Thursday’s rally showed the power of stock picking, says Jim Cramer

[colabot1]

In a week filled with big earnings reports, there’s no harm in putting stocks on your shopping list and waiting to buy until earnings-related jumps have subsided, says Jim Cramer THURSDAY.

While many pundits might advise against stock picking and instead suggest betting on an index fund or sector-aggregating ETFs, Cramer pointed out that days like Thursday highlight the potential gain of picking winners.

investment related news

Microsoft shares jump on strong results.  Here's what could be in store for the tech giant

CNBC Pro

“The busiest day of earnings season, the day we get the numbers from the most companies in one session, I find the whole day to be a giant celebration of the ingenuity of executives and their teams,” Cramer said. “It’s a validation not only of the quality of our companies and their CEOs, but also of the very concept of stock picking rather than indexing.”
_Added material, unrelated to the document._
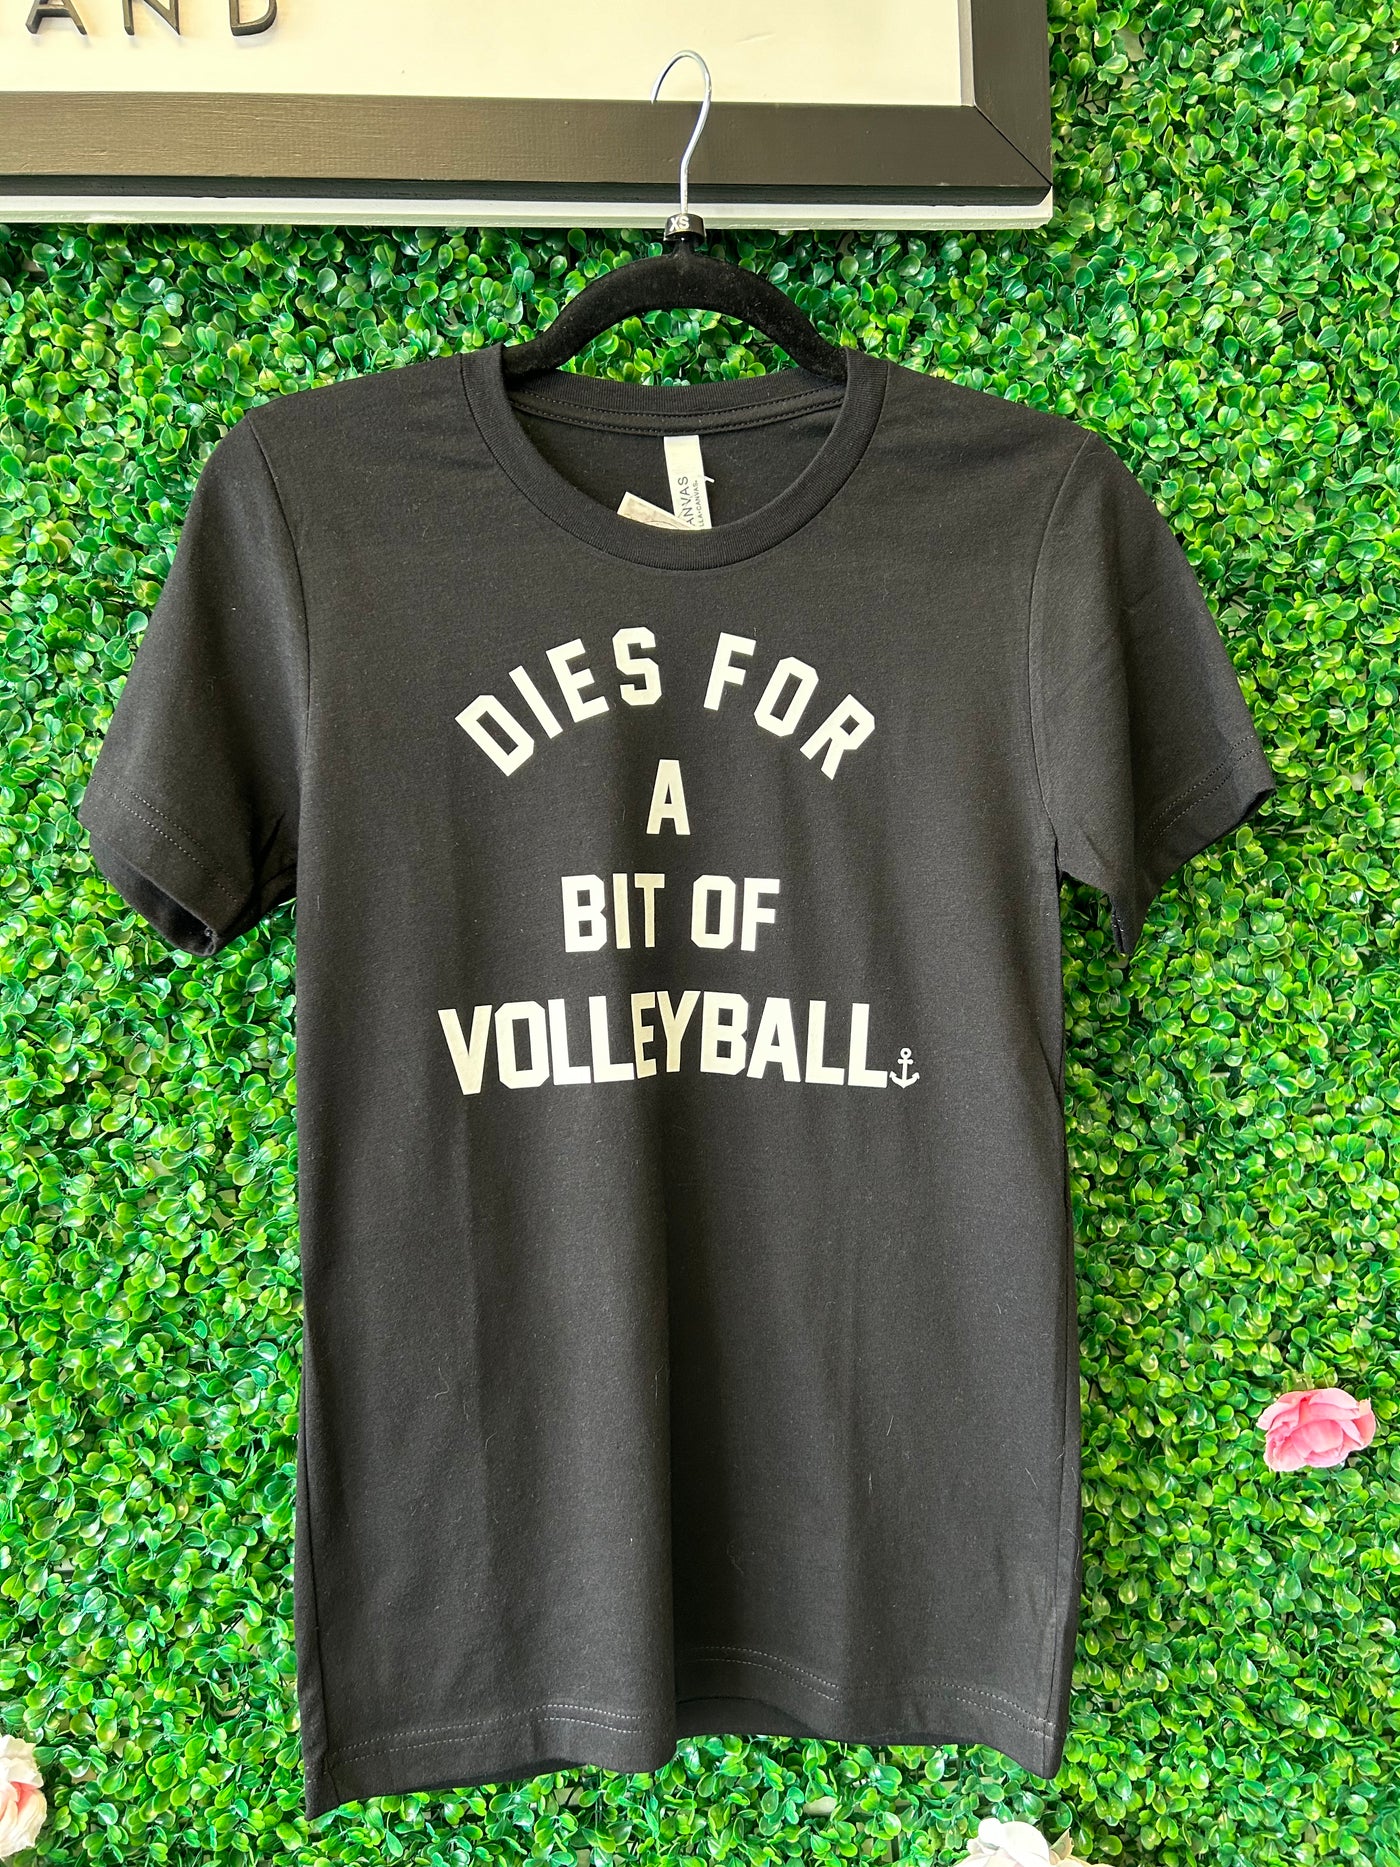 *CLEARANCE* “Dies For a Bit of Volleyball" Unisex T-Shirt  - Black - Size Adult XS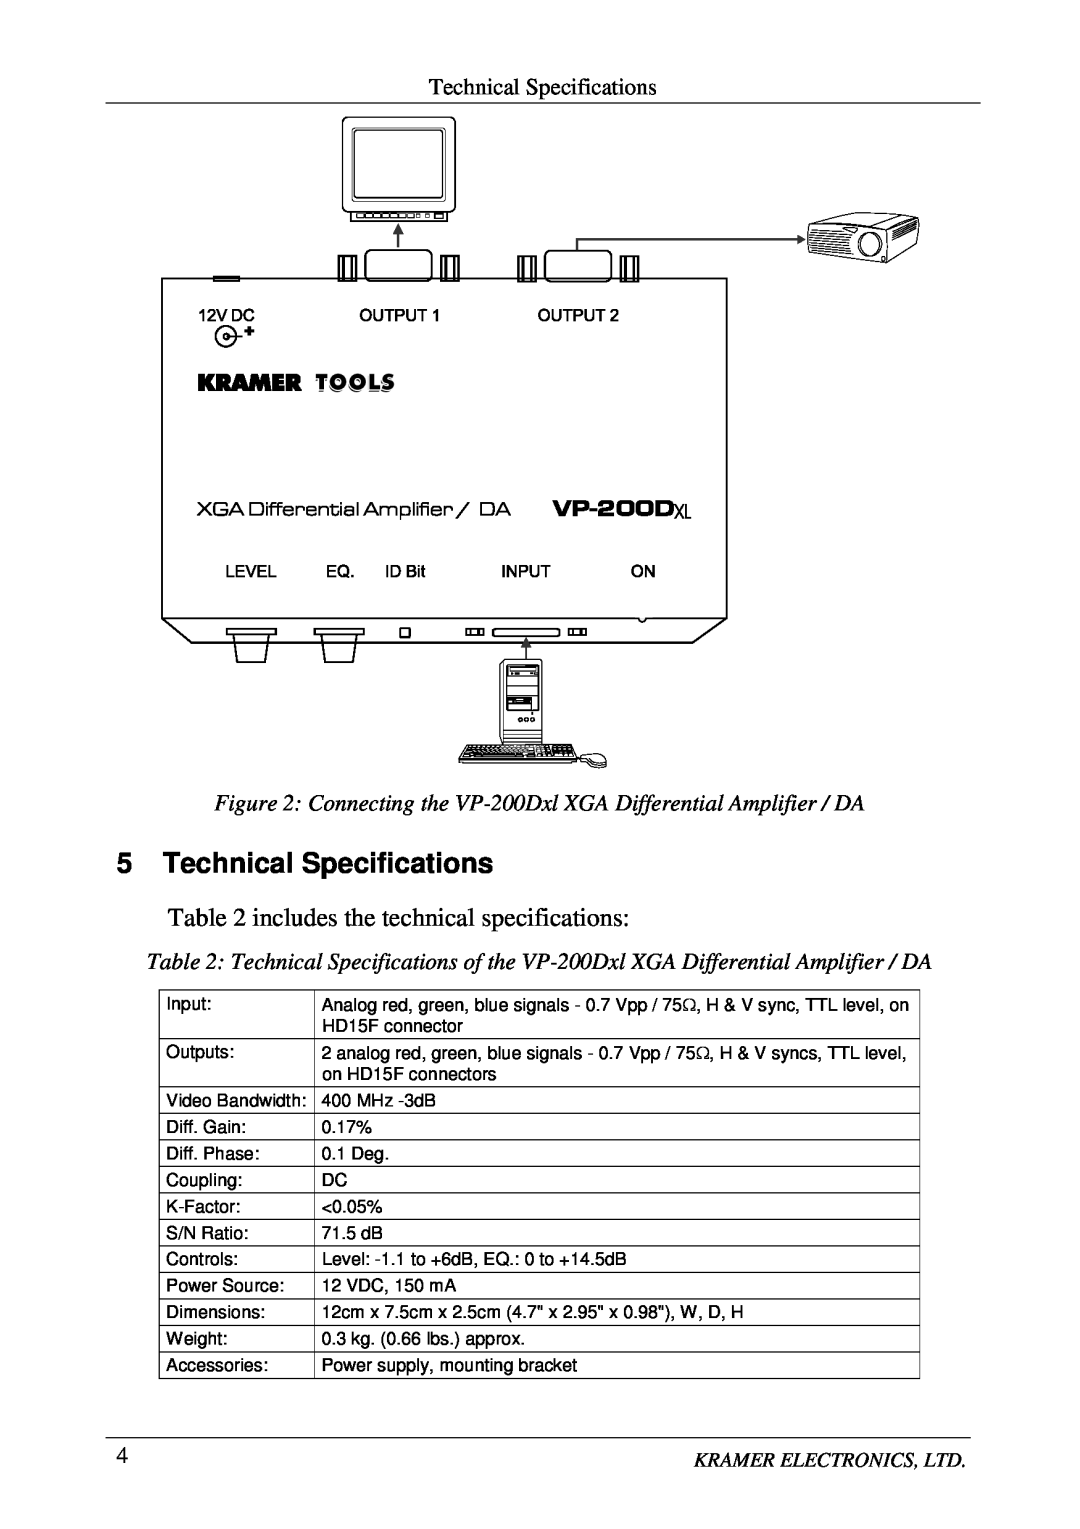 Kramer Electronics VP-200Dxl user manual includes the technical specifications, Technical Specifications

“The index fund ‘evangelistas’ probably wouldn’t have pushed you to pick one of the big winners, he added.

Shares of Metaplatforms soared on Thursday after the company reported earnings and revenue that beat analysts’ expectations the day before. Shares of parent company Facebook have risen 170% since November, despite the company previously reporting three straight quarters of declining sales.

Microsoft was up after beating expectations on the top and bottom lines and hit a 52-week high on Thursday. And Eli Lily Shares rose more than 3% as the company raised its full-year guidance and beat its revenue estimate.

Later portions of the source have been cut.